My Adventures with Agile Journey Line

My Adventures with Agile Journey Line

The journey line is an exercise we learnt on the Coaching Agile Teams course with Lyssa Adkins and Michael Spayd. “Journey Lines is an activity that fosters self-organisation and cross-functional behavior because it reveals a person’s skills, experiences, background, etc. This way, the rest of the team knows what this person “brings to the party.”Today I have shared my “Adventures with Agile” journey line.

It was late one night, already past lights out time, and I was sitting up in bed creating a new meetup site. I remember asking my wife (Heather) if she thought the meetup fee was worth the risk of anyone turning up. We agreed it was worth a go. Even if just a few people showed up, it would be good to make more friends and start a support network for making change easier. It was late Summer 2014.

So, I set up the first event. The next day Heather started the hunt for a reasonably priced room in London.

 

In the Beginning

I wanted a good speaker to start us off. Because I was due to attend the SPC (SAFe) training in a few weeks time, we asked Inbar Oren to speak as he had just made his SAFe in 9 minutes video. It turned out he was in London for a conference, so we planned the event around him.
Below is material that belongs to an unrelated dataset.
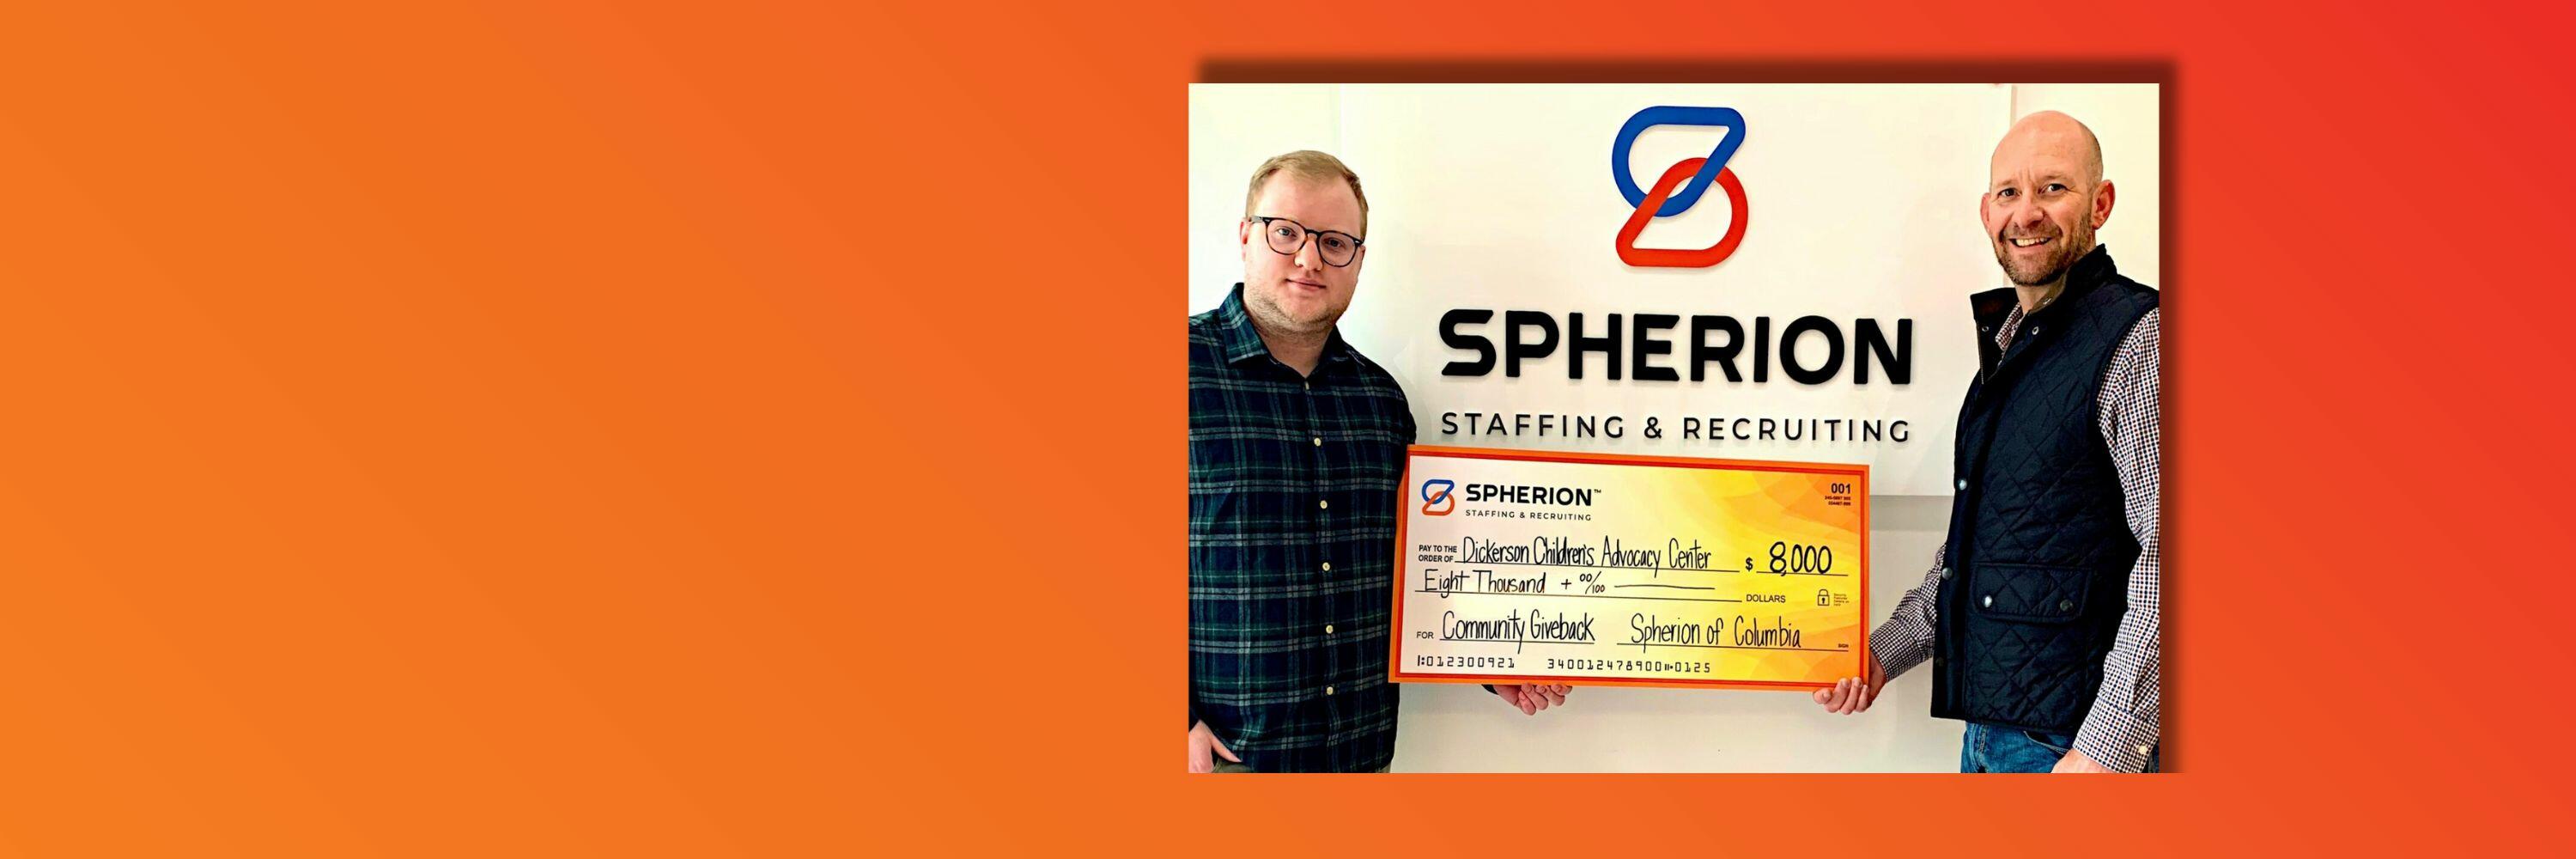 Orange background with a photo of two men smiling and holding a giant check

To my surprise and delight, over 50 people turned up and the event was a huge success. I was very nervous about speaking in front of so many people as well as to even just introduce Inbar! But it went well and I even managed a joke, which gave me confidence.

John Coleman came to speak next on Scaling Frameworks, which were clearly the hot topic at the time. He mentioned Craig Larman and Bas Vodde, which gave me an idea! Straight after the event, I found an email for Craig and arranged a call to speak to him about coming to London, to give the community some training and talk at the meetup.

We arranged a date but as it happened, I was on a beach in India at that time and the call was scheduled for around 11 pm. It was Christmas and the hotel had strung up hundreds of light bulbs all along the beach. As a result, the overworked generator kept blowing out and the Skype call we were having cut out every time the router switched off due to the power cut. We worked out we had around 7 minutes of chat and then 3.5 minutes while the power came back on and router booted up again.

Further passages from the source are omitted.